Extract: "Almost 70% of those who are currently working or studying indicate that their ability to do so has been impacted to a great extent by having ME/CFS (Figure 8).
One respondent felt that ME/CFS had no impact on working or volunteering.
When asked to explain their response the respondents identified a number of themes in relation to ME/CFS and working or studying.
Those who were working indicated that they had to reduce or restrict the amount of duties they had at work or reduce the number of hours they worked in order to keep working.
In order to reduce hours or duties a number of respondents indicated that they had to change career paths or when looking for different work there were limited options that they felt comfortable doing “I have had to look for jobs based purely on logistics - they have had to be part-time, sedentary, and close to home to reduce travelling time”.
Early retirement among workers was also common; many indicated that it was their only option “I took ill-health retirement due to ME/CFS at the age of 48, after more than seven years of struggling to work part-time with the illness”.
The effects of ME/CFS such as brain fog and concentration problems were common issues that had an impact on both the people who worked and those that studied “I just can't find the right way of explaining things because of brain fog and this results in having to do more work”.

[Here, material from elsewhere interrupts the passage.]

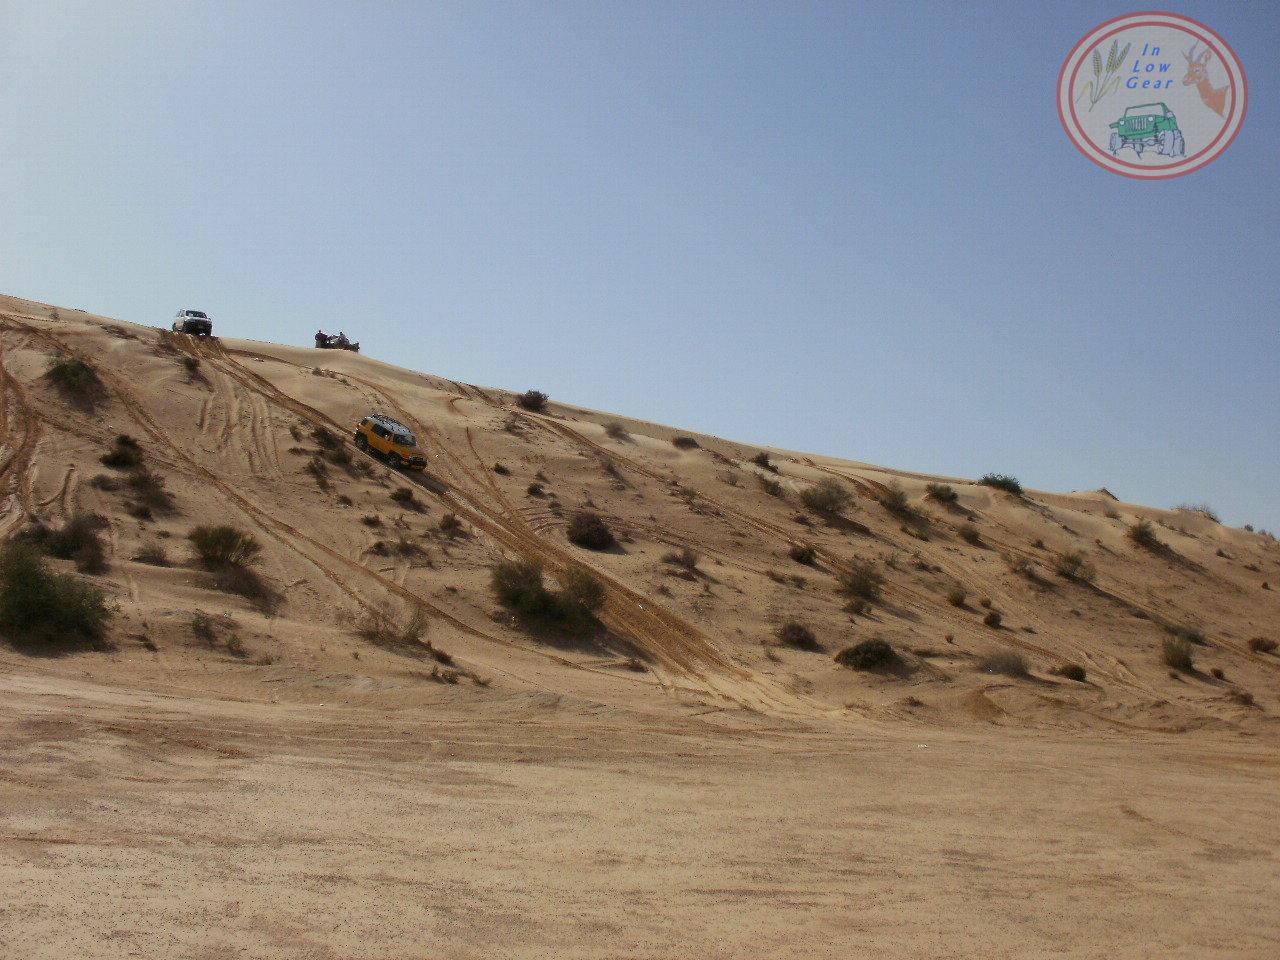 Holot Agur, Dekel dune

Students also had to reduce hours of study, ‘drop’ subjects and stop participating in other activities in order to remain studying “Have had to drop subjects at school.
Little contact with friends, no outside activities with friends”.
Another dominant theme among the students is that they feel that they cannot achieve the marks they should if they were not living with ME/CFS “Know my VCE result won't be as good as what i was planning on getting” or they feel worried or unsure about what type of career they can have in the future '…worry about the future holds for a career'."